Five Poems

Revolutionary II

[After “The Revolutionary” by D.H.Lawrence]
Yes, I see them standing there
With white, metallic, tin-slit lips,
Insisting that they care—they care
Aggressively, with hands on hips!
 
Caryatids with such a task
To carry heaven on their head,
Their face a metal ideal mask,
Fixed and pale and dull as lead.
 
They yearn, aspire, and seek above,
Ignoring all beneath their feet
And call their ideal vision “love”
When it is merely self-deceit.
 
They know precisely what “should be”,
What is “proper” “good” and “right”
And since their only skill’s to see
They’re planning to out-law the night.
 
I see them here as clear as you
Saw them eighty years ago,
They have not changed, they will not do
A thing to move, they cannot flow
 
And ripple with a living pulse
Of energy, changing course,
Bounding, leaping true and false,
Instinctive as a wild horse.
 
I see them holding up their sky
Of stoney heaven, painted blue,
But when it cracks and pieces fly
They’ll envy Lords of Hell like you.
 
 
 

The Dark Ray

In the heat of sparkling days we loved to burst
The blown up paper-bags of clouds afloat,
And shred them in the ribboned pools of light:
Among the rocks we did our very worst.
 
All summer long we wallowed in our sport,
Exploding mirrored clouds with body-bombs;
Well buoyed upon the ample seas of time,
We never thought we ever could be caught;
 
Until, I glimpsed below, that shocking ray,
A massive arrow head of poison black,
Slid fast below our treading, tensing soles;
I still recoil to think of it today.
 
And every day I see it sliding fast,
In gulfs of dreams that make me swim awake,
And in the mirrored pools of tv screens,
The ray has come to stay—will not swim past.
 
 
 

The Common Bond

[On the tsunami of 2005]
We seem to be so far away
From all these sea-born floods of death;
Sighing, giving, we cry and pray
As we watch scenes that catch the breath.
 
But all of us, in varying ways,
Know death may come to us like this,
In beds, on roads, or tranquil bays—
A sudden flood, and no last kiss.
 
 
 

Tarn

That summer, floating on the mountain lake, 
Dark as the tarn in Poe’s tale of the Ushers, 
Was an initiation into reflection. Lying prone on the air-bed, 
Looking into your face, you could see you were nothing 
But a skied image on the water, the halo 
Of gums and wattles around your head, a fragrant 
Wreath sent up from Hades.
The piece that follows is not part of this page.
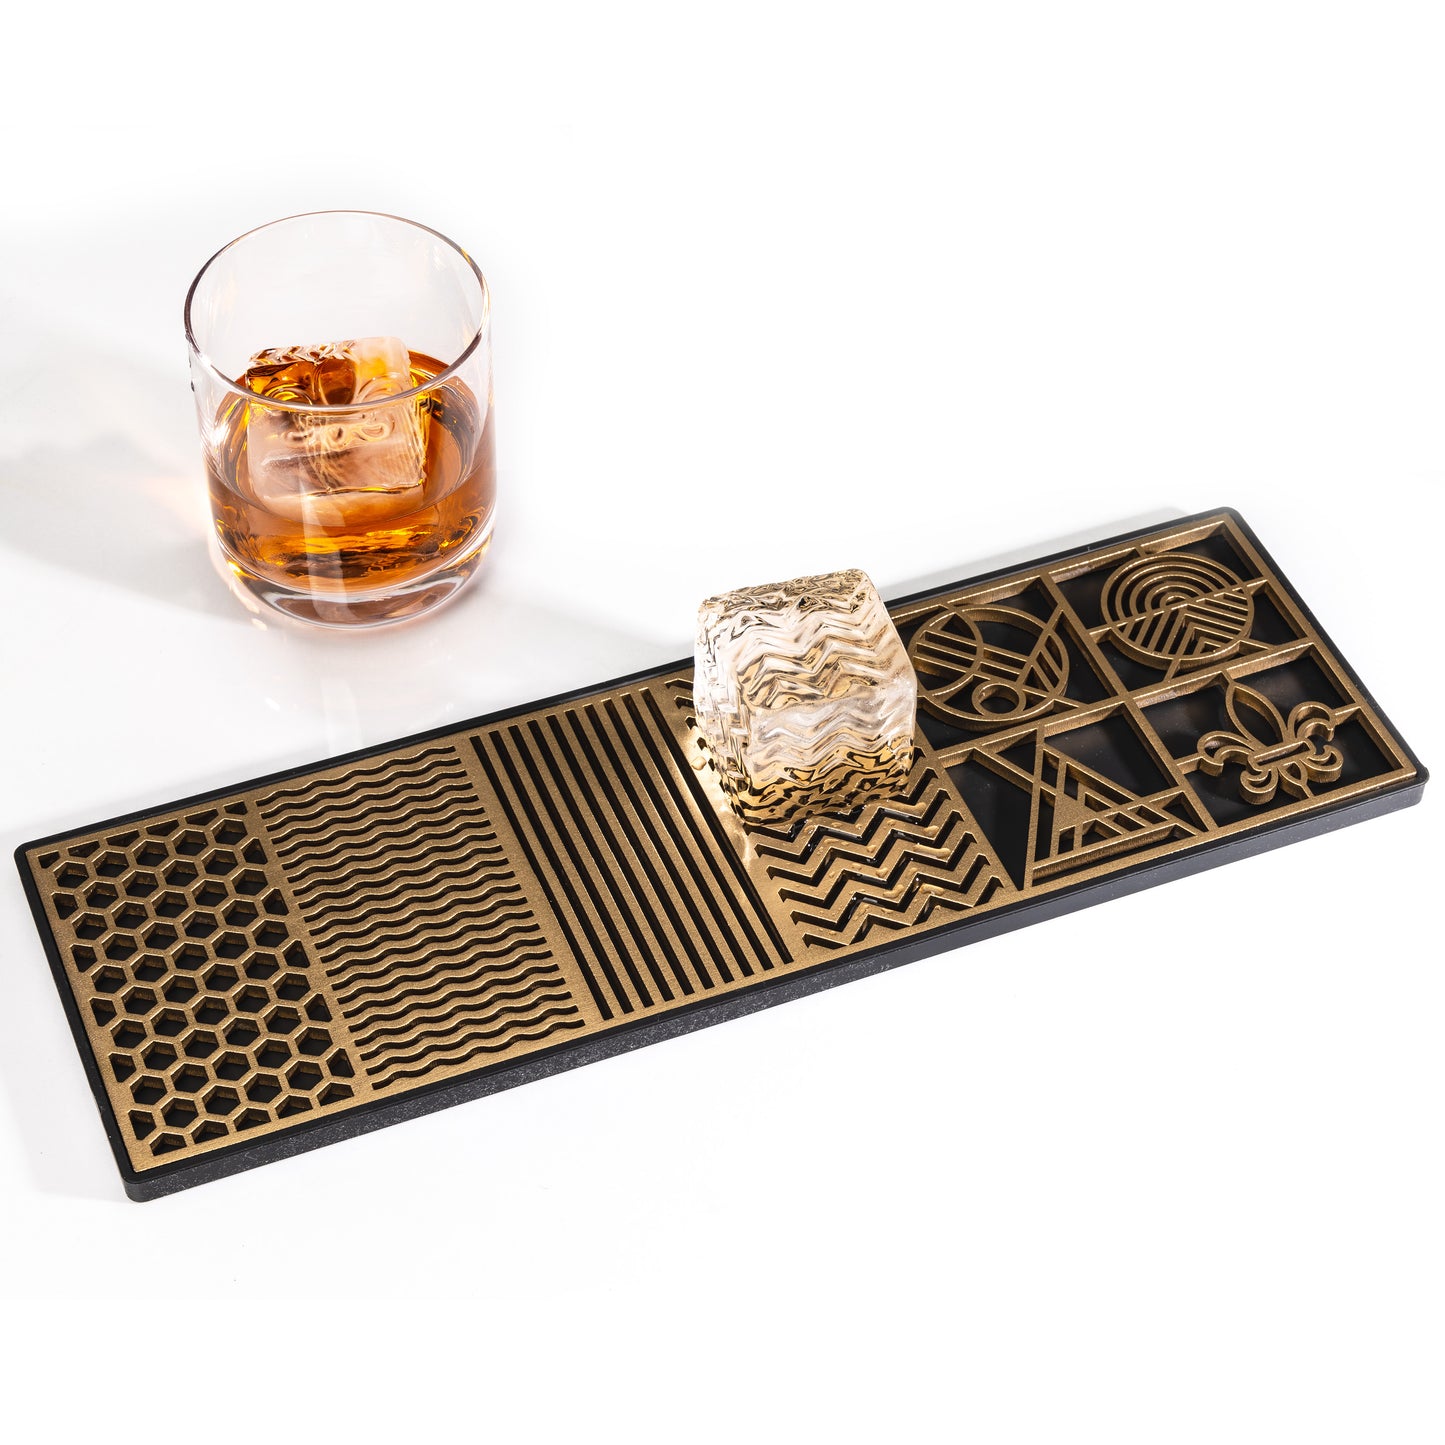 The Ice Designer Plate Elevate Your Cocktail Experience The Ice Designer Plate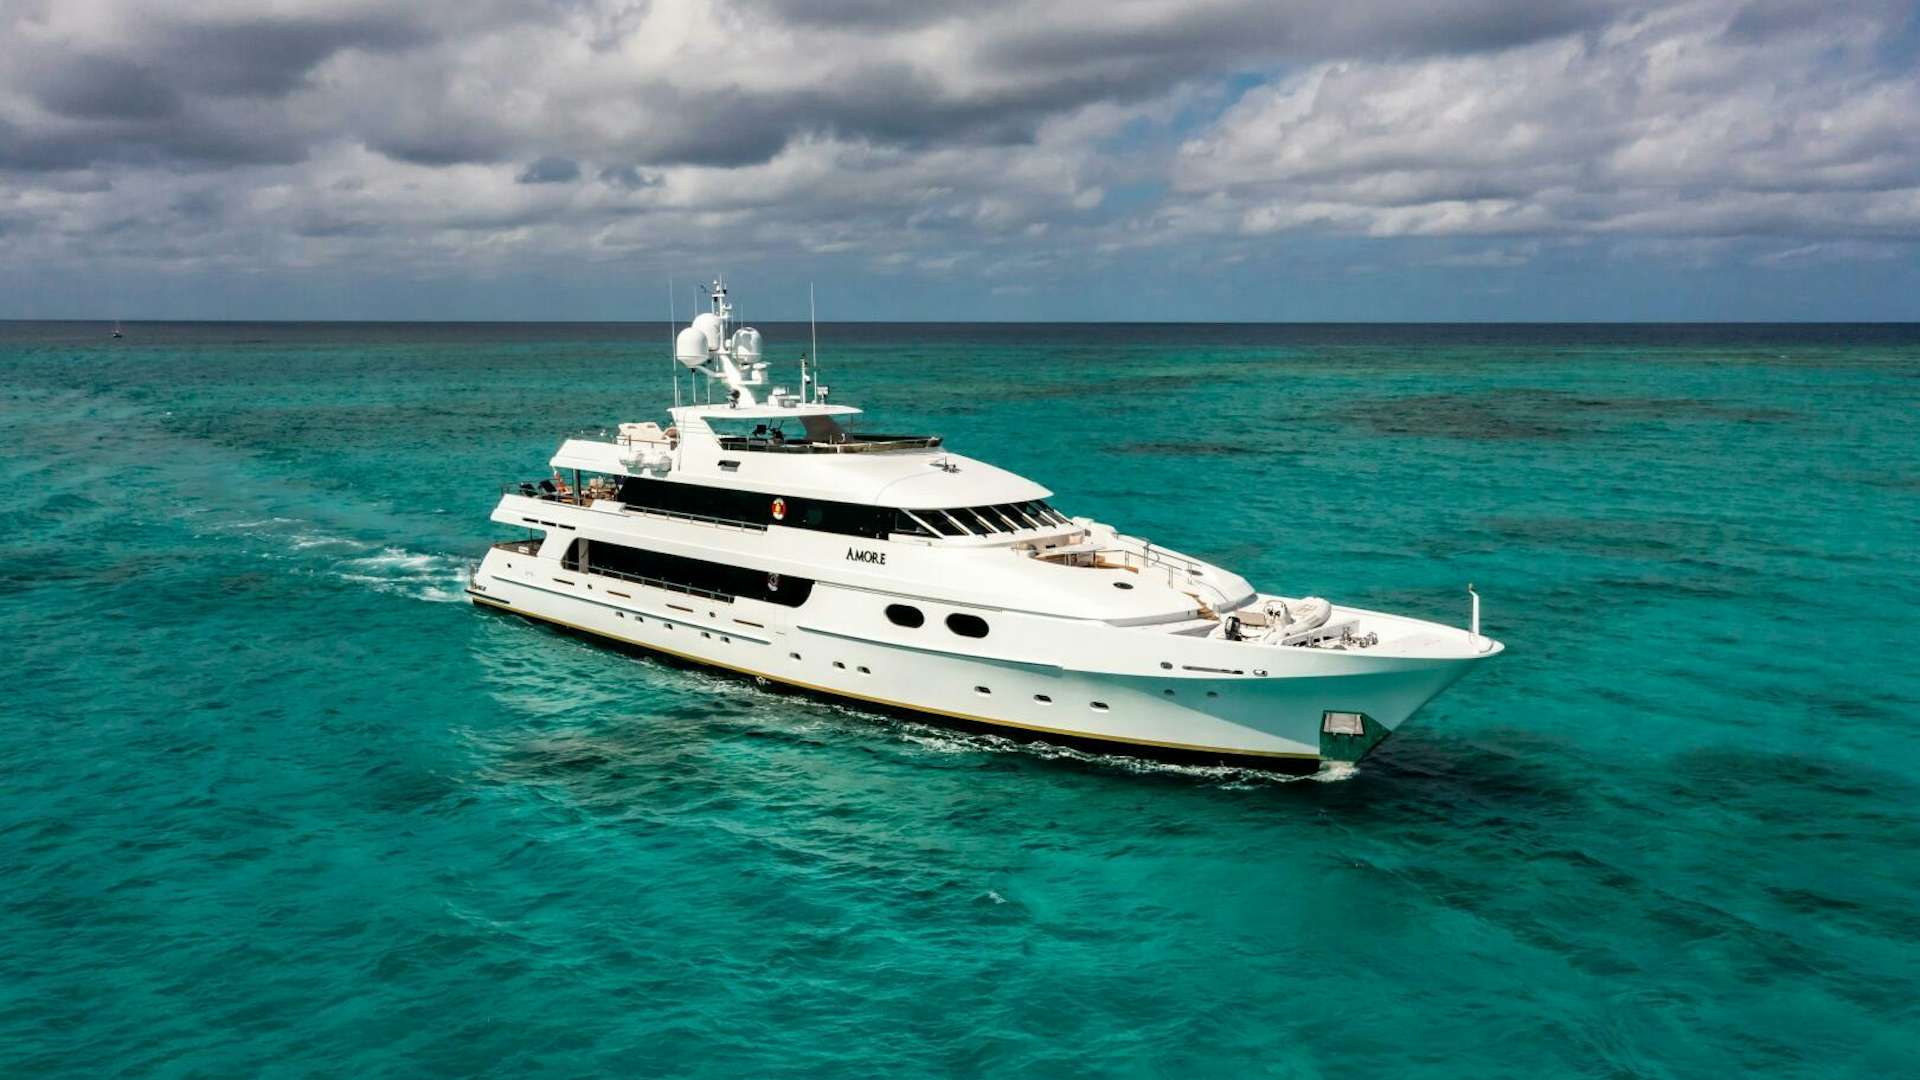 Watch Video for Amore Yacht for Sale

The lake was a sermon 
On the truth that the way up and way down are the same. 
When a goshawk, tailing finches, passed, looking down 
Into the tarnished mirror, you could see precisely 
How high he was. The sun you noticed was dependent 
Upon a cool-quivering void to cherish its fire. 
Upward staring water-lilies found reflections in cumulus 
Blooming in the deep blue. At evening 
The swallows fell from the west and tore
At their doubles with thirsty beaks. And once,
As the full moon rose from the eastern hills,
I watched her twin wash her sun-flush in the shallows
And grow ever brighter as the dark water deepened.
 
 
 

Broken Loose

She doesn’t care, she doesn’t care, old heart.
But ox-dumb heart is thick and won’t be told.
Reason frowned and argued from the start:
Her skin is fine bone china, and you’re old.
But ox-thick heart is nothing if not bold,
And paws the ground and snorts and doesn’t care,
And foolishly refuses to be told.
Stay in that pen, you beast, and learn despair!
Reason ruled as the conference went to air.
Six weeks unseen, I watched the screen in dread
My hope she’d dress in grey with tied-back hair.
But her black-hair was down; her top, pink-red!
That’s when my ox broke loose, now I can’t stop
Him running wild in reason’s china shop.
 
 
 

About Mark Allinson

Mark Allinson was born in 1947 and was raised in Melbourne, Australia. After working and travelling overseas for a number of years, Mark returned to university and completed a Ph.D in 1989 in English literature, and taught for six years at Monash university in Melbourne. He now teaches part-time on the remote campus of a regional university, south of Sydney. His poems have appeared in many leading online journals, among them, The Chimaera, The Formalist Portal, and The Pennsylvania Review. His first full-length collection, Tarn, was published by The New Formalist Press in September 2009.